For diagnosic purposes, a time column could be added, initialised as int(epoch).

Next, we need a daemon, which does two things.

the daemon maintains the database
The daemon adds new events to the database.

A root-daemon accepts authorised requests from a the event-generator ; like
```
  add $path $type $sum
```
where $sum is the checksum of ``$path.$typ.$secret'', and $secret is shared between the event-generator and the daemon.

On a downstream site, events are added by the client after the event is processed by the client.
the daemon ansers queries
On request, the daemon answers to a limited set of queries like
```
  first_id
  last_id
  from $x
  from $x to $y
  from $x limit $n
  path $path
  stat $path
  lstat $path
  readlink $path
```
where $x and $y refer to id's. The result of a query is a proper json file.

Query path returns the event for $path, if any. Query stat returns stat /path/to/cpan/$path ; likewise lstat and readlink.

the client side

The proposed daemon would make an ``instant mirroring'' client, simpler and more efficient.

Instead of gleaning events from the RECENTS, a client can query the daemon for new events. It only has to remember the id of the last processed event.

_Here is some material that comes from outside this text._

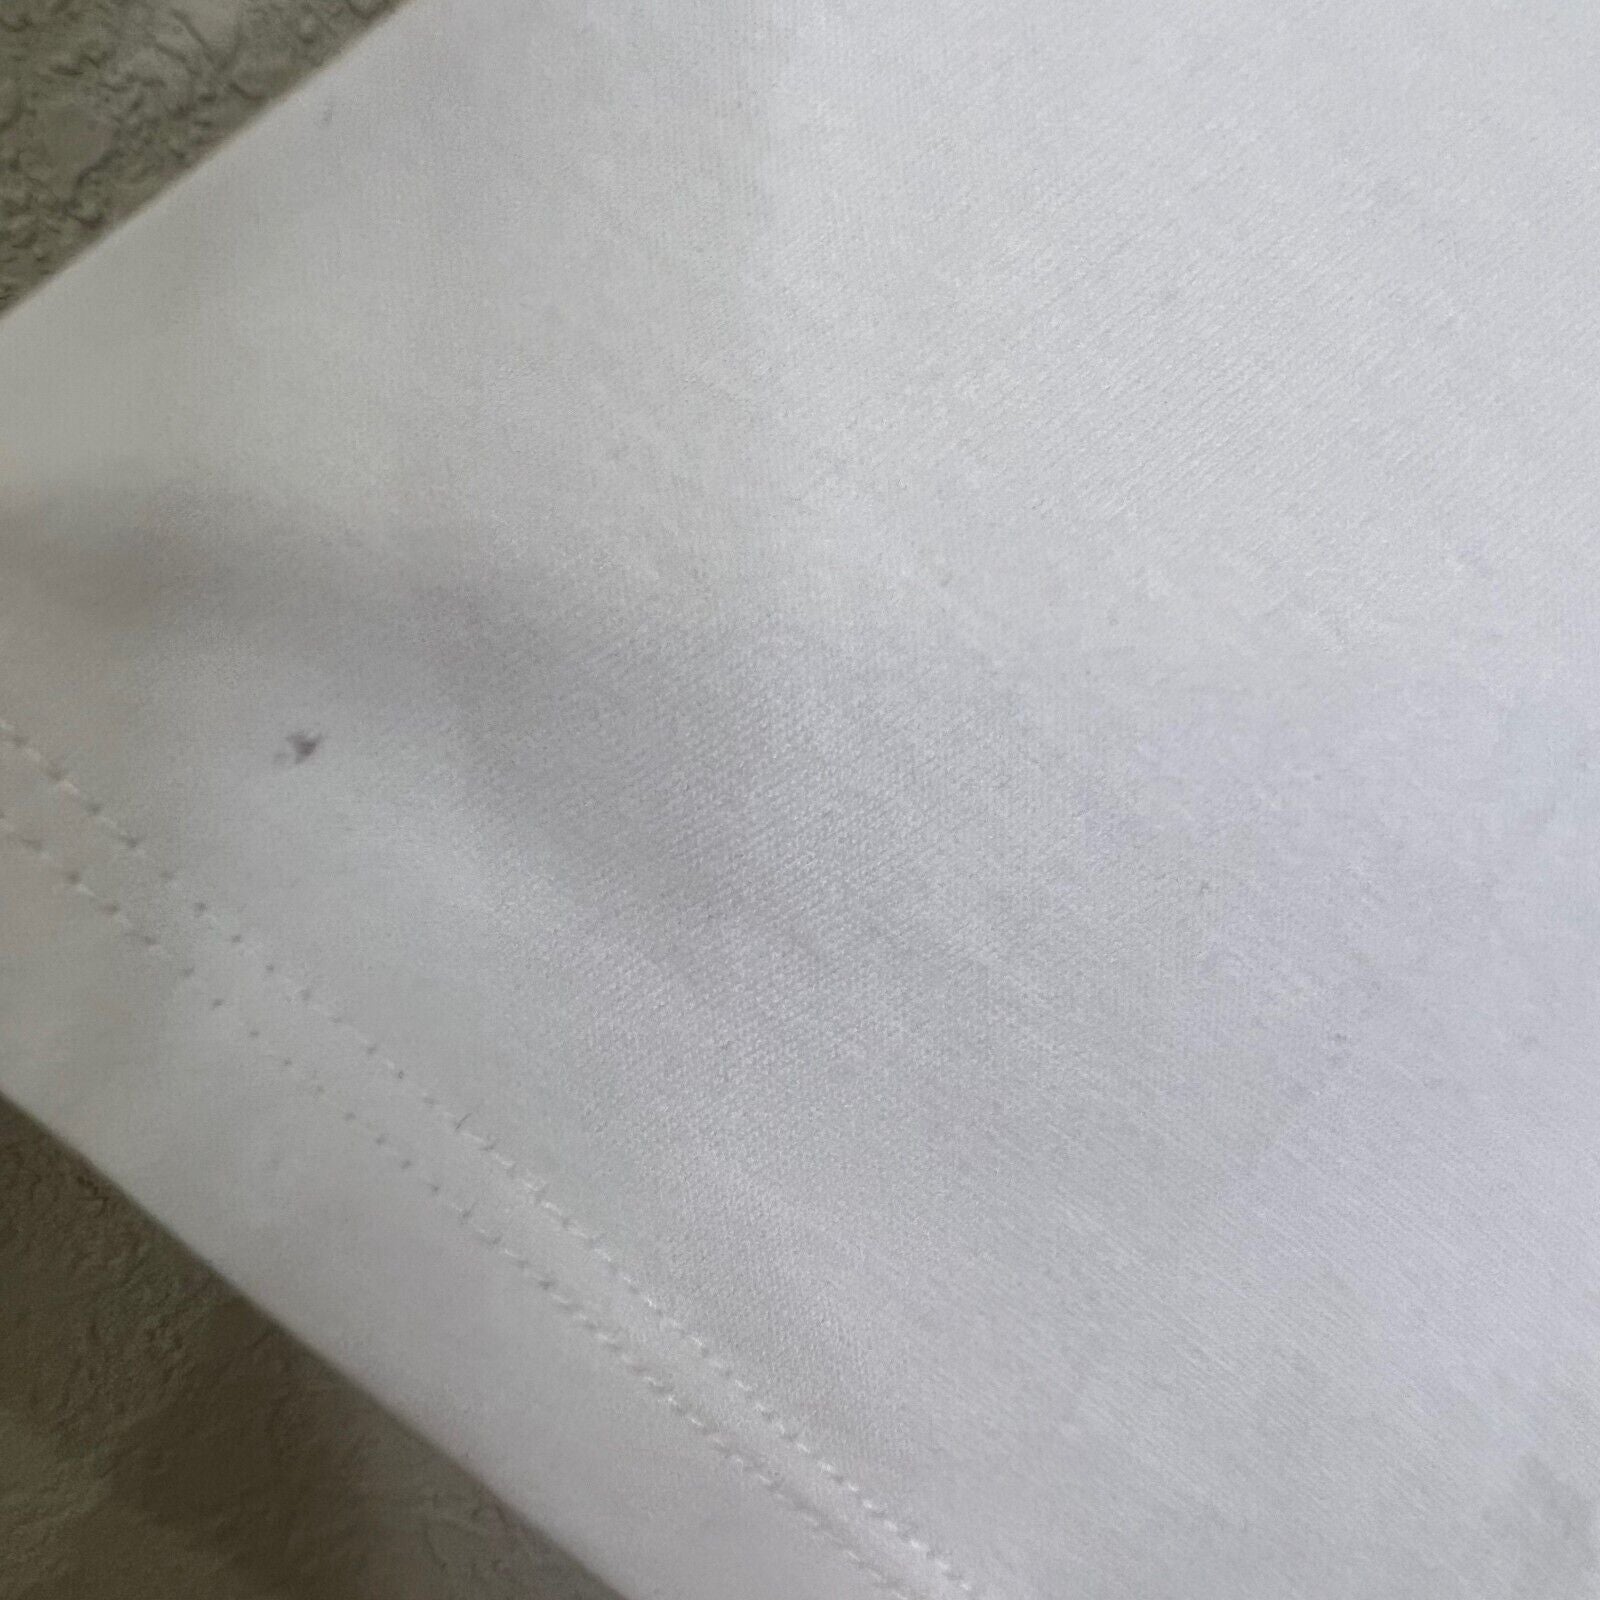 Natori Embroidered Cotton T Shirt Tee in White Size Medium NEW
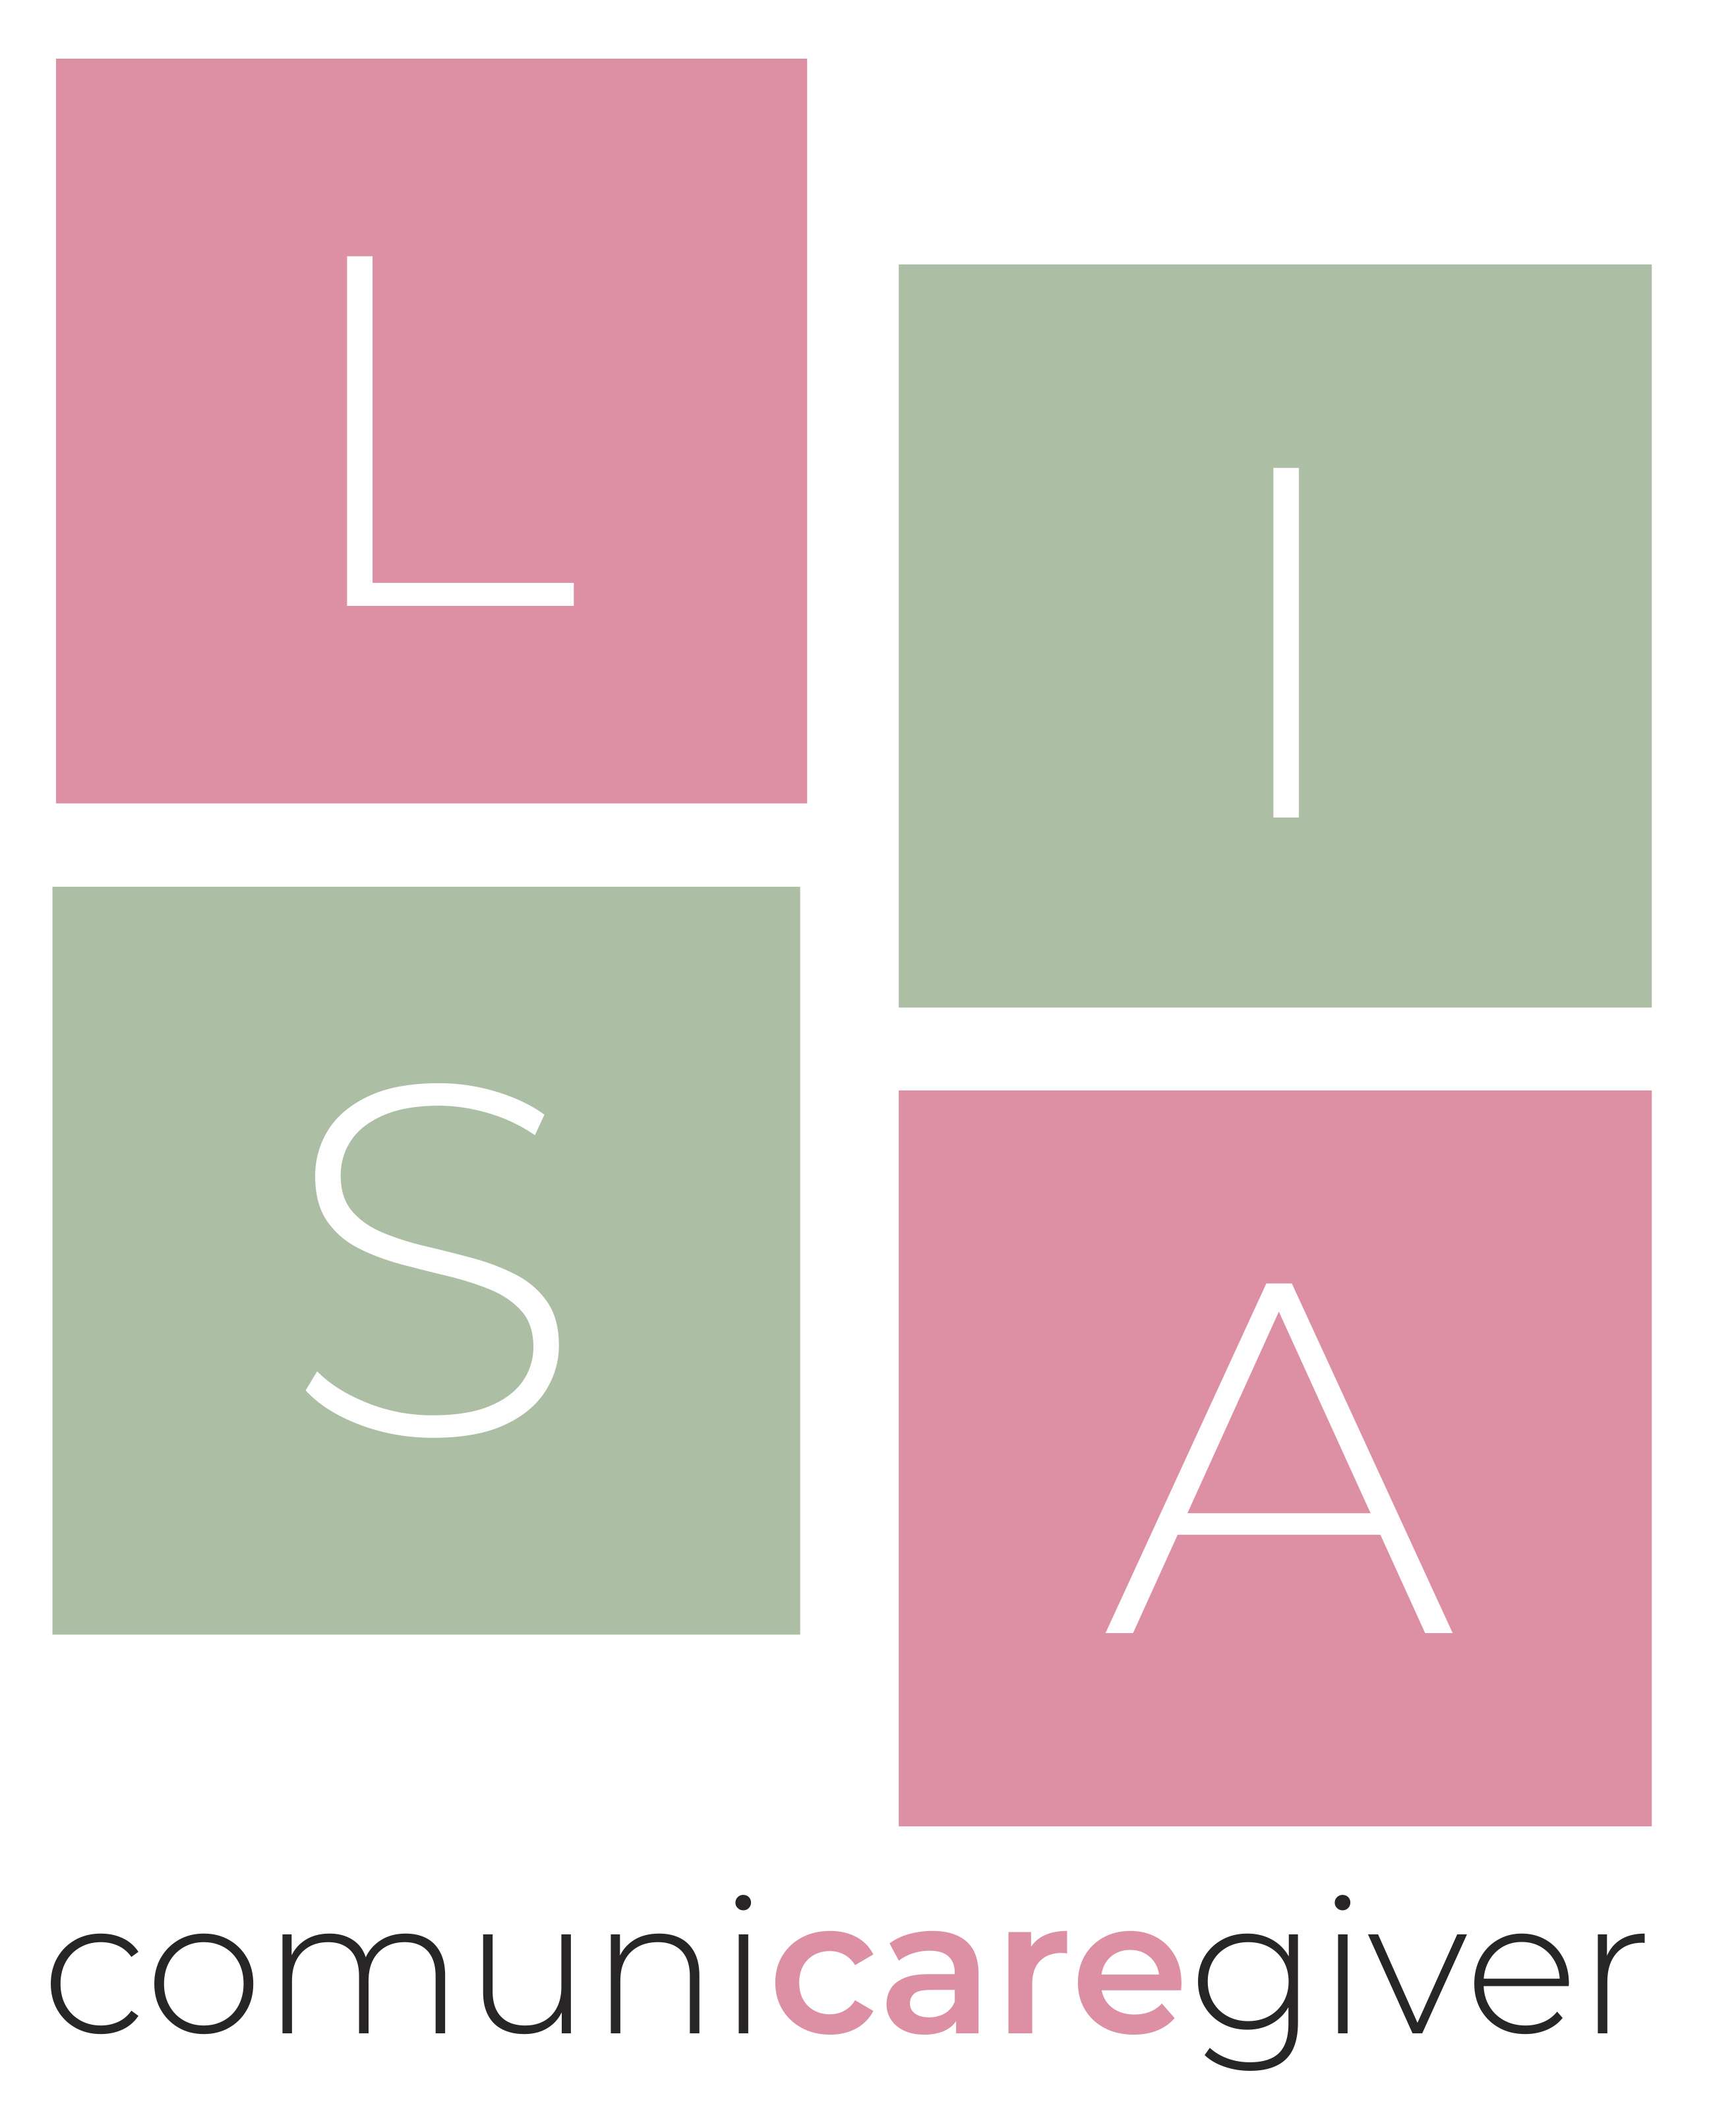 Lisa-comunicaregive

  $last_id = get_local_last_id || 0 ;

  LOOP :
    { push @events, query_for_events_after $last_id ;
      $last_id = process @events ;
      commit_local $last_id ;
    }

At the moment, a client must be very careful in handling the RECENTS ; that complexity would disappear.
With the remote file queries (stat, lstat, readlink), the client can resolve exceptional problems resulting from missing or bugus events in the event-stream.

benefits

No more RECENTS to generate, maintain and distribute.
The proposed daemon is simple, and can easily be made robust and efficient.
The current event-stream-generator could/should be easy to adapt. If it can't be adapted, the root-daemon can glean events from the RECENTs. The root-daemon would have to remember (between runs) the epoch of the last event committed to the database.